Kettle Basic Concept Learning

Source: Internet
Author: User

First, understand the development environment and production environment.

For example, after designing a process under Windows or Mac, execute the design file on the machine that was uploaded to the Linux cluster. Then, the work done under Windows is the development environment, and the task is executed on the Linxu machine as a production environment.

Two, kettle conversion

The transformation consists of one or more steps, which are connected by jumping (hop). Jump defines a one-way channel that allows data to flow from one step to another. in kettle, the unit of data is the row, and the data flow is the movement of the data row from one step to another.

Step: Is the basic part of the conversion, appearing as an icon. such as (table input, text file output). Steps to write the data to one or more of the output hops connected to it, and then to the other end of the jump. This indicates that the jump is a line with arrows between the steps, in fact, two steps between, called rowset (rowset), the data row cache. (The size of the rowset can be defined in the conversion)

The data sending of a step can be set to send in turn and copy send; Send data rows sequentially to each output hop; Copy send: All data rows are sent to all output hops. (SHIFT + left mouse button to quickly create a new hop)

In kettle, all the steps are executed in a concurrent manner, and when the conversion is started, all the steps are started at the same time, the data is read from their input hops, and the processed data is written to the output hop until the input hop is no longer in the data, the step is aborted. When all the steps are aborted, the entire conversion is aborted. Data rows: A data row is a collection of 0 to more fields.

Three, kettle work

A job consists of one or more job items, and the job items are executed in some order.

Job item: Similar to the steps in the transformation, the job item is also graphically displayed as an icon. The result object can be passed between the job items. The result object contains rows of data that are not passed in a stream. Instead, wait for a job item to finish executing before passing it to the next job item. By default, all job items are executed serially.

Job jumps: The connection between jobs is called job hopping. The different running results of each job item in the job determine the different execution paths of the job. The operation results of the job item are judged as follows:

1, unconditional execution: The next job item executes regardless of whether the previous job item was executed successfully or not. Logo, black wire, with a lock icon on it

2, when the run result is true: marked as, green wire, with a hook number

3, when the result of the run is false: marked as, red line, there is a red stop icon

Kettle uses a backtracking algorithm to execute all job items. That is, when executing a node of a path in a job, all the child paths of that node are executed sequentially until there are no more sub-paths that can be executed, then the previous node of that node is returned, and the process is repeated.

Note: The jump defined in the job is the control flow, and the jump defined in the transformation is the data stream.

Four, kettle tools

Spoon: Graphical interface tools to quickly design and maintain complex ETL workflows.

Kitchen: command-line tool to run a job

Pan: command-line tools to run transformations

Carte: A lightweight Web server that can be used to perform transformations or jobs remotely

Five, version naming rules

GA (general availability) releases: Stable release version

Release candidates: Candidate versions such as, ...-rcxx

Milestone releases: The latest milestone version, there will be some new features such as, ...-mxx

Nightly builds: Build version, latest version, and most unstable version of the day

Summary: Spoon is the integrated development environment of kettle, that is to say, in spoon design good job or conversion.
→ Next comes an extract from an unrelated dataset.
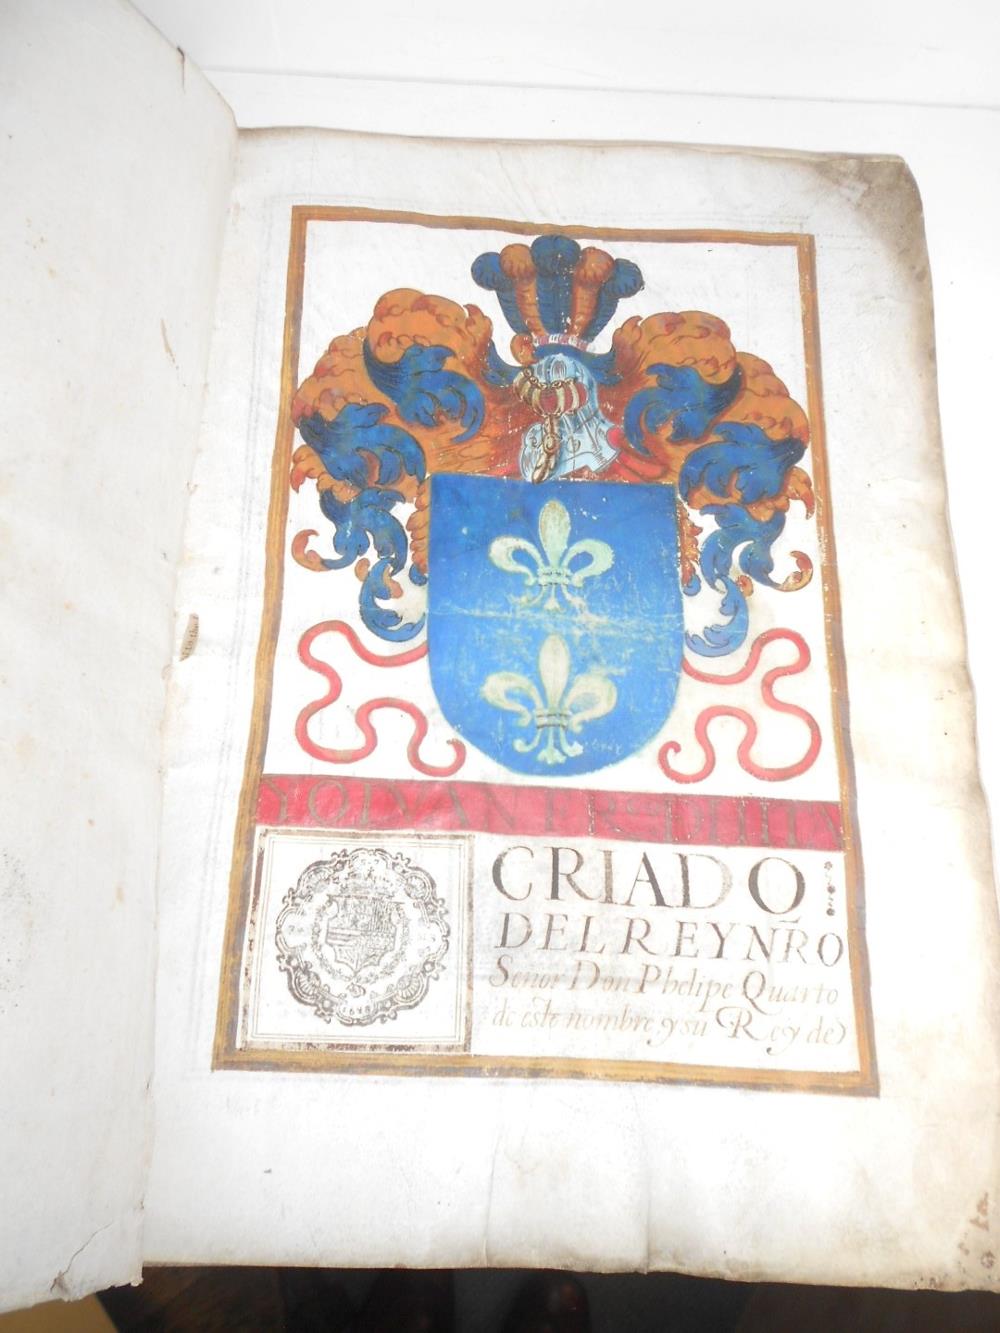 A manuscript Spanish armorial citation or document dated 1648, referring to the Celaya family, on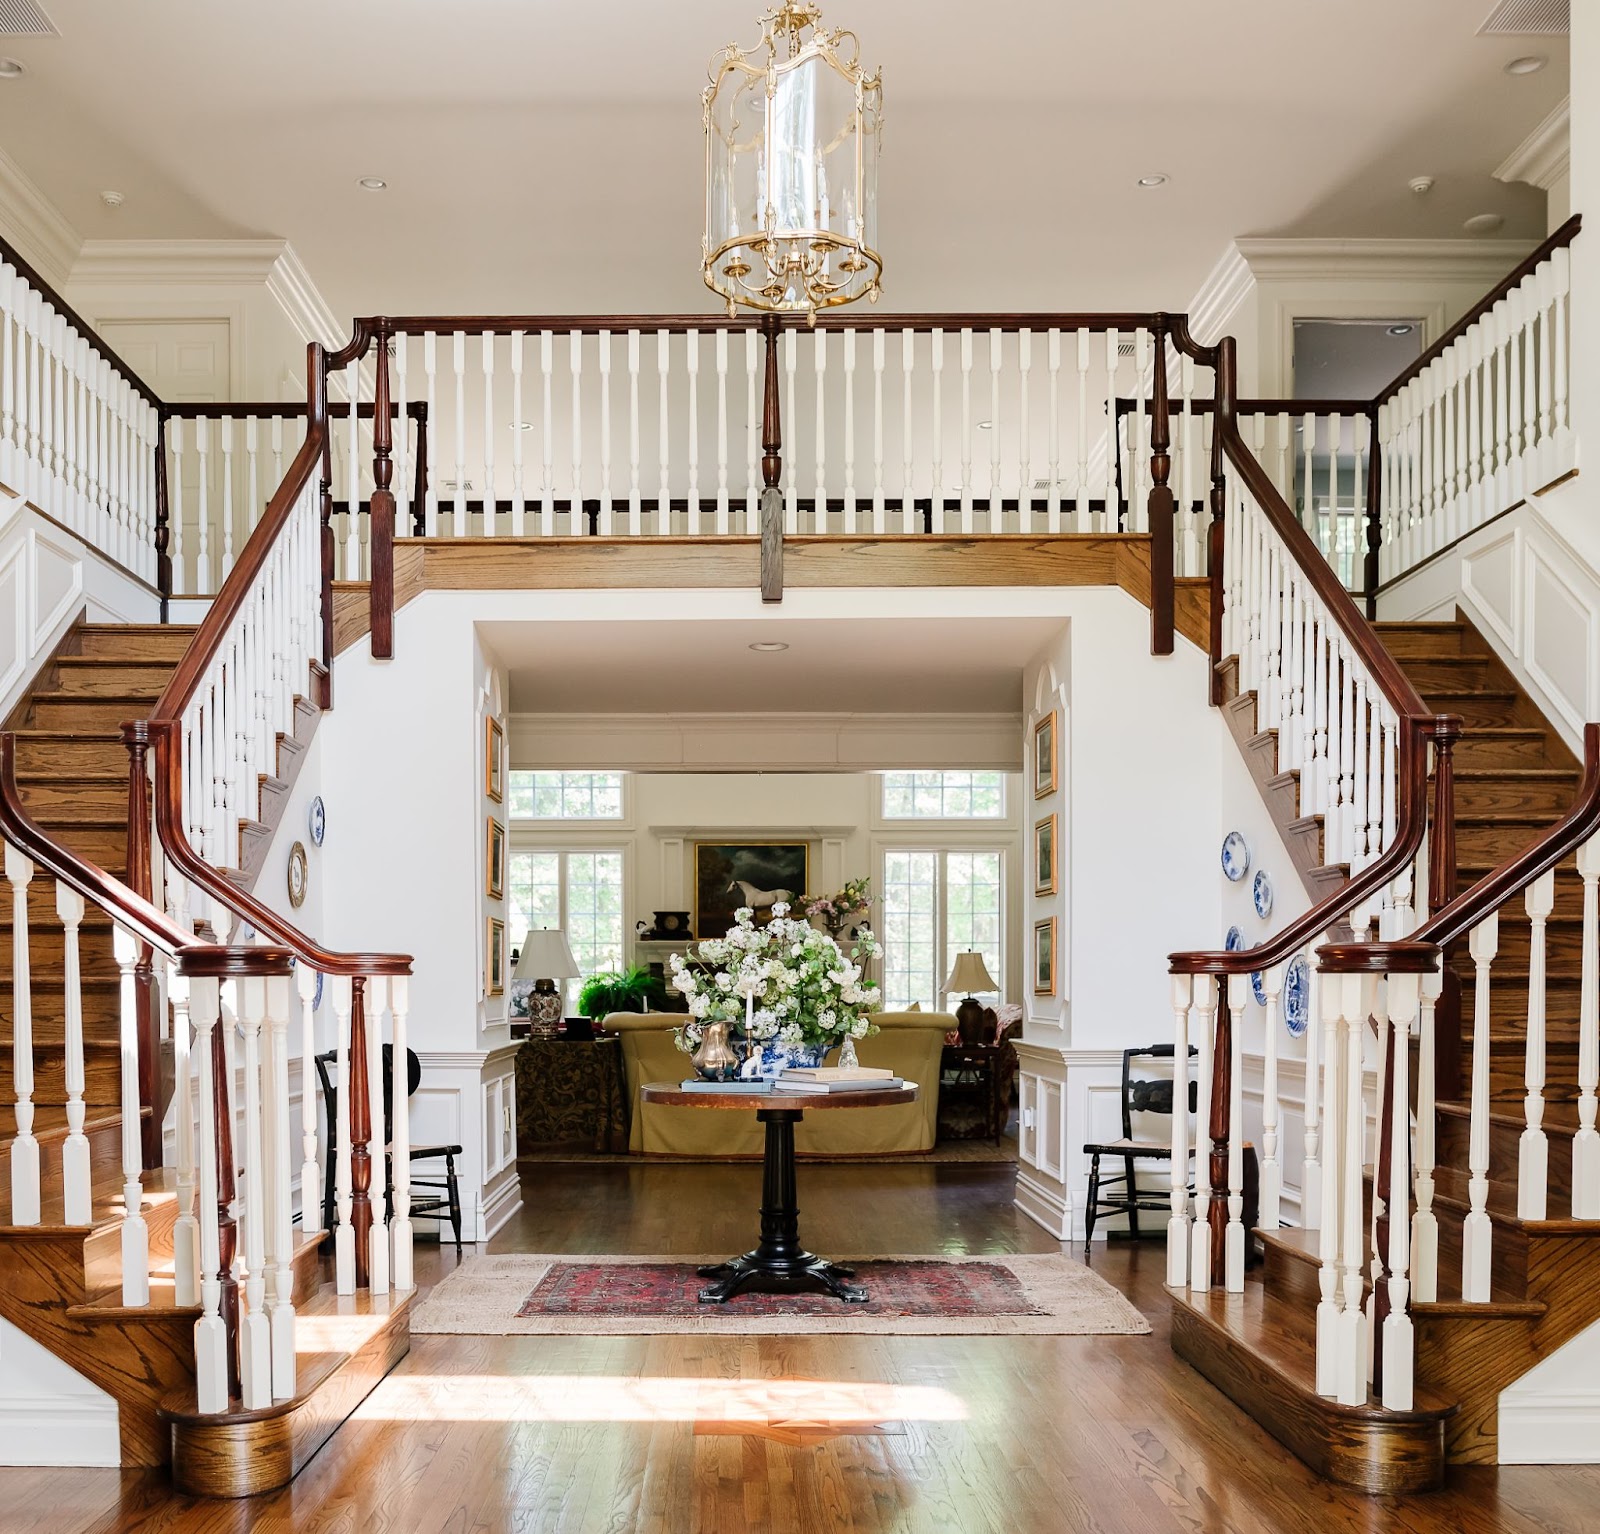 A grand foyer featuring a curved  double staircase, large chandelier, and a pedestal table with a large flower arrangement. A nicely decorated living room is in the background.

Jobs and transformations can be performed in the graphical interface, but this is only during the development, testing, and debugging phases. Once the development is complete, it needs to be deployed to the actual running environment, which is rarely used during the deployment phase of spoon.

Kettle Basic Concept Learning

Contact Us

The content source of this page is from Internet, which doesn't represent Alibaba Cloud's opinion; products and services mentioned on that page don't have any relationship with Alibaba Cloud. If the content of the page makes you feel confusing, please write us an email, we will handle the problem within 5 days after receiving your email.

If you find any instances of plagiarism from the community, please send an email to: info-contact@alibabacloud.com and provide relevant evidence. A staff member will contact you within 5 working days.

A Free Trial That Lets You Build Big!

Start building with 50+ products and up to 12 months usage for Elastic Compute Service

  • Sales Support

    1 on 1 presale consultation

  • After-Sales Support

    24/7 Technical Support 6 Free Tickets per Quarter Faster Response

  • Alibaba Cloud offers highly flexible support services tailored to meet your exact needs.